------------------------------------------------------------------
THIRD AMENDMENT TO CREDIT AGREEMENT
Dated as of January 31, 1999
Between
INTERNATIONAL COMFORT PRODUCTS CORPORATION (CANADA)
(formerly known as Inter-City Products Corporation (Canada))
as Borrower and Loan Party
and
X.X. XxXXXXXX SUPPLY LIMITED
as McDonald
and
THE LENDER OR LENDERS NAMED IN
THE CREDIT AGREEMENT
as Lenders
and
GENERAL ELECTRIC CAPITAL CANADA INC.
as Agent
------------------------------------------------------------------
THIRD AMENDMENT TO CREDIT AGREEMENT
This Third Amendment to Credit Agreement dated as of January 31, 1999 (this
"Third Amendment") between INTERNATIONAL COMFORT PRODUCTS CORPORATION (CANADA)
(formerly known as Inter-City Products Corporation (Canada)), a Canada
Corporation ("Borrower"), X.X. XxXXXXXX SUPPLY LIMITED, an Ontario corporation,
("McDonald"), each of the lenders listed on the signature pages hereof or which
pursuant to Section 10.2 of the Credit Agreement becomes a "Lender" (each, a
"Lender", and, collectively, "Lenders"), and GENERAL ELECTRIC CAPITAL CANADA
INC., a Canada corporation, as agent hereunder for Lenders (in such capacity,
together with its successors in such capacity, "Agent").
RECITALS
A. Borrower, McDonald, Agent and Lenders are parties to a Credit Agreement
dated as of December 19, 1996, as amended by First Amendment to Credit
Agreement dated as of May 13, 1998 between Borrower, McDonald, Agent and
Lenders, and as further amended by Second Amendment to Credit Agreement dated
as of July 21, 1998 between Borrower, McDonald, Agent and Lenders (the "Credit
Agreement").
B. Borrower has requested that Agent and Lenders consent to Borrower
causing the dissolution of McDonald and the transfer of all of the assets and
undertakings of McDonald to Borrower pursuant to a dissolution agreement made
as of January 31, 1999 between Borrower and McDonald (the "Dissolution
Agreement").
C. ICP has agreed to provide a guarantee to Agent and Lenders dated as of
January 20, 1999 (the "ICP Guarantee") of all of the Obligations of Borrower
under the Credit Agreement.
D. In order to permit the dissolution of McDonald by Borrower and to
incorporate the ICP Guarantee into the terms of the Credit Agreement Agent and
Lenders have agreed to amend the Credit Agreement upon the terms and conditions
set out in this Third Amendment.
FOR VALUE RECEIVED, the parties agree as follows:
SECTION 1 - INTERPRETATION
1.1 Definitions. In addition to the defined terms appearing above,
capitalized terms used in this Third Amendment have (unless otherwise provided
elsewhere in this Third Amendment) the meanings given to them in the Credit
Agreement, and
(1) Credit Agreement has the meaning given to it in Recital A;
(2) Dissolution Agreement has the meaning given to it in Recital B;
-2-
(3) Effective Date has the meaning given to it in Section 3.1;
(4) ICP means International Comfort Products Corporation, formerly known
as Inter-City Products Corporation; and
(5) ICP Guarantee has the meaning given to it in Recital C.

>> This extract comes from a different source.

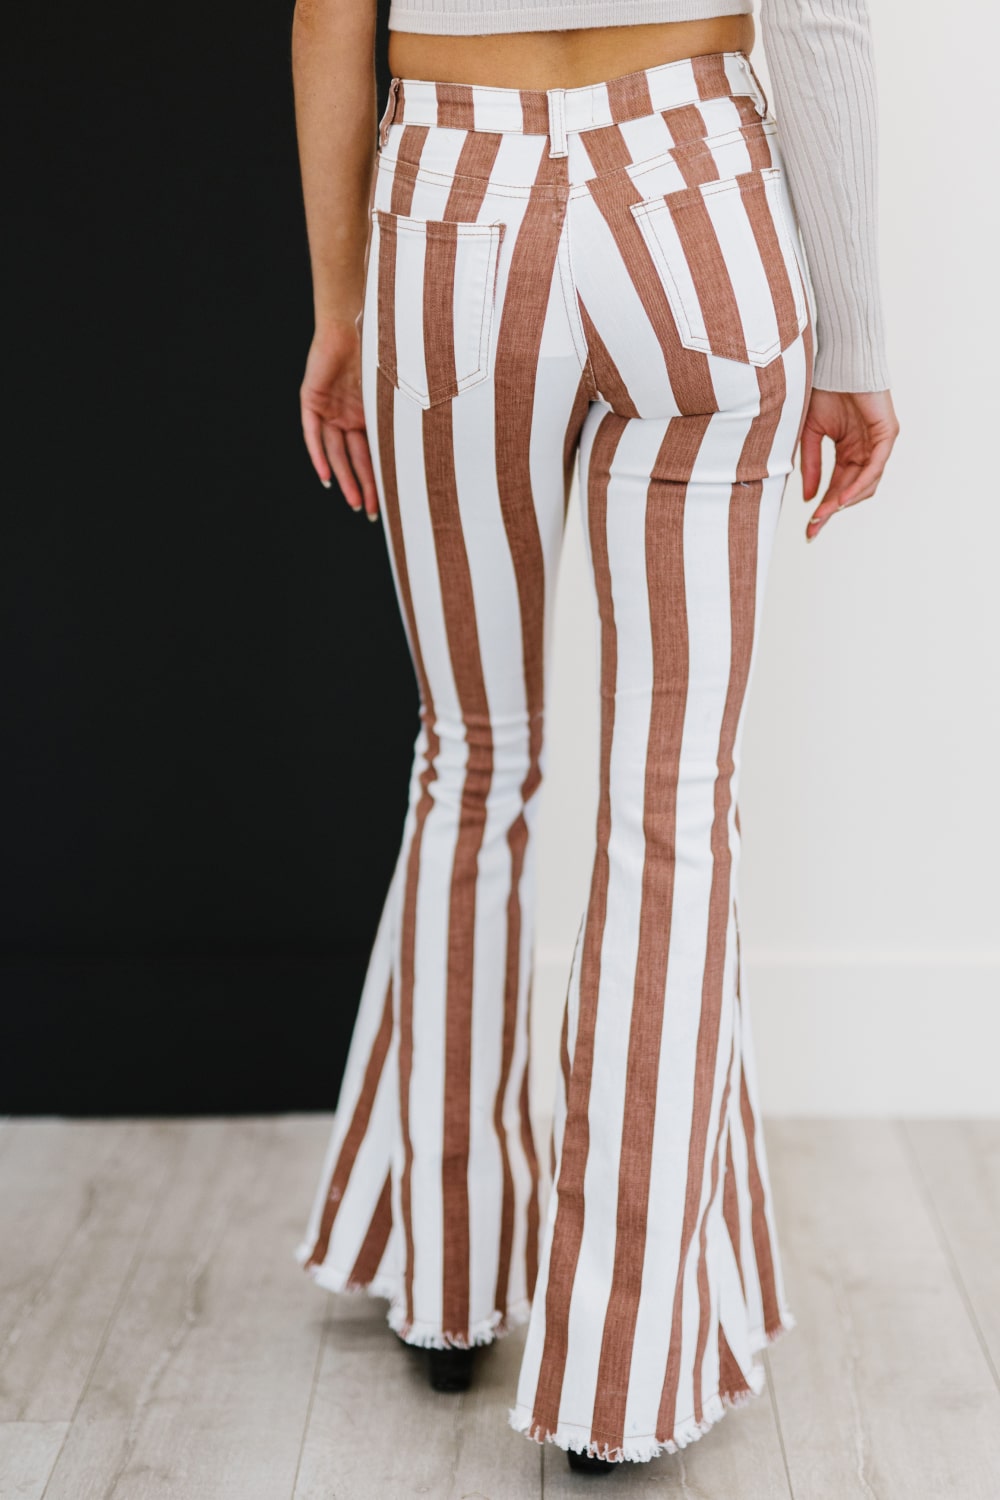 Show Stopper Striped Flare Pants
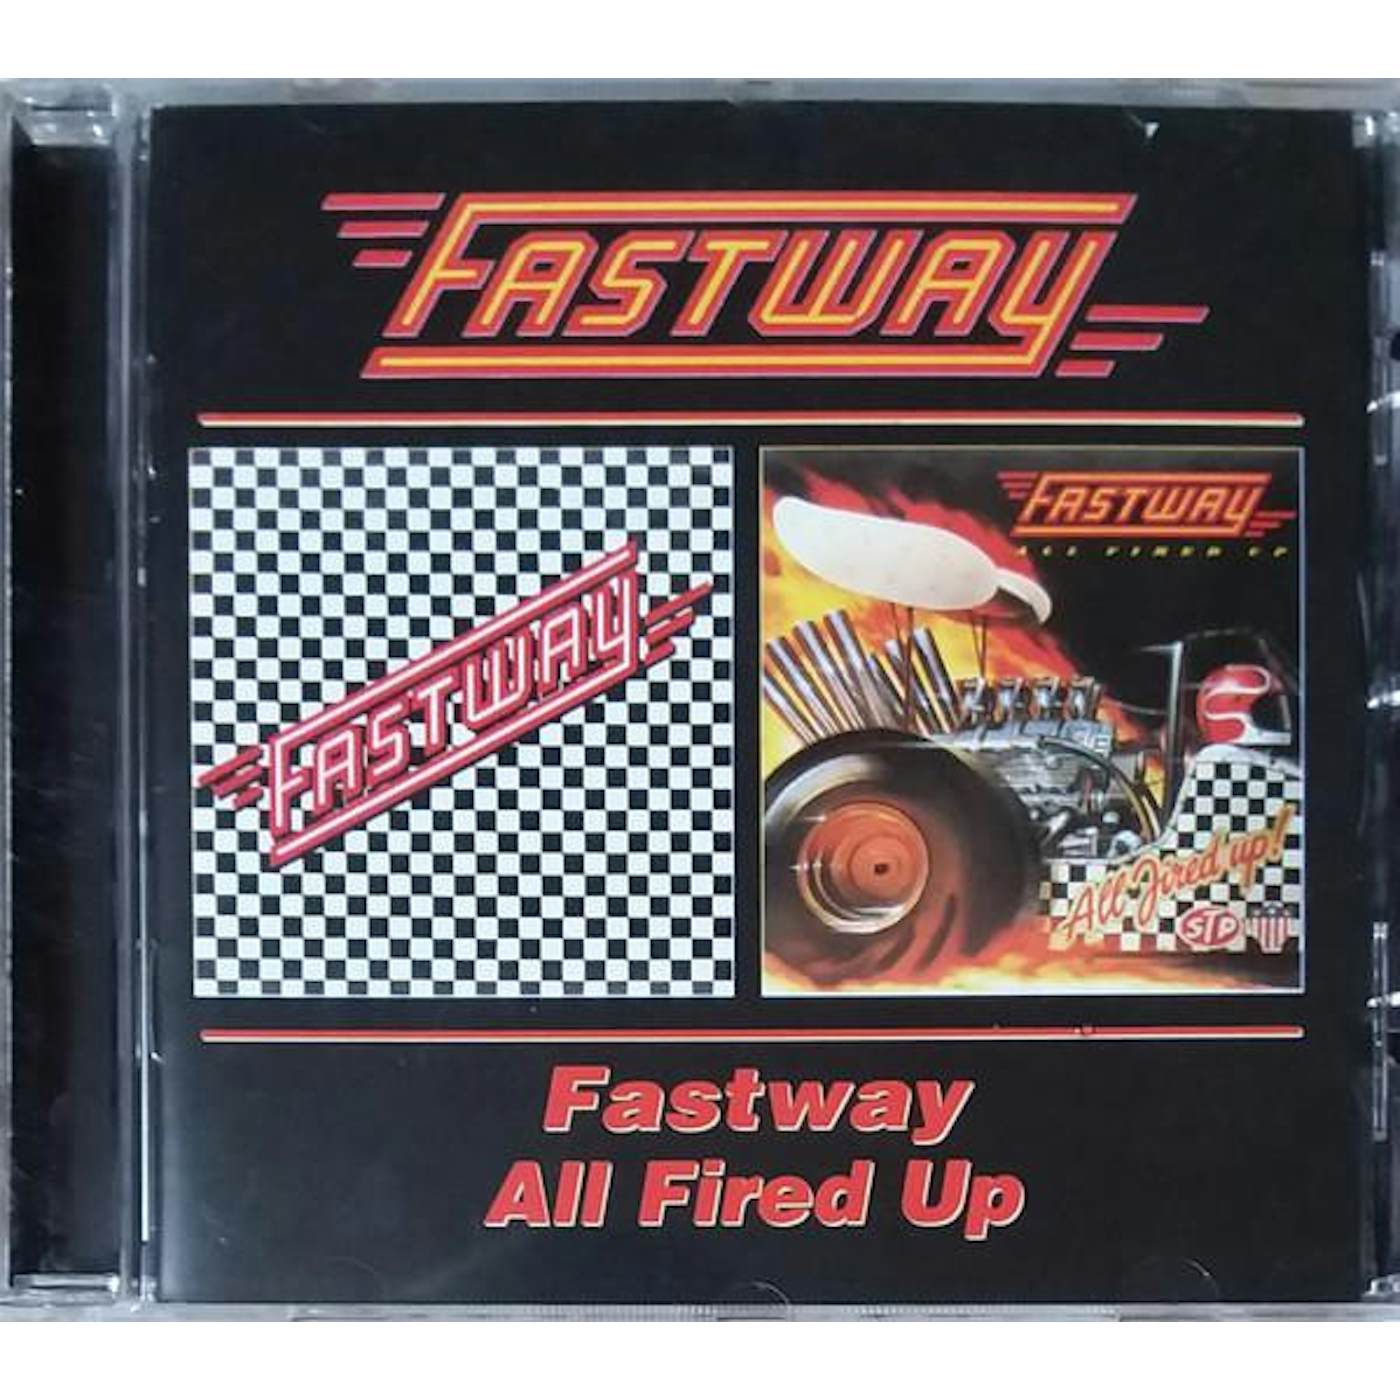 FASTWAY / ALL FIRED UP (REMASTERED) CD

1.2 Incorporation into Credit Agreement. The Credit Agreement and this
Third Amendment shall henceforth be read together and shall have the effect as
if all the provisions of such agreements were contained in one instrument.
1.3 Section Titles. The Section titles and Table of Contents contained in
this Third Amendment are and shall be without substantive meaning or content
of any kind whatsoever and are not a part of this Third Amendment.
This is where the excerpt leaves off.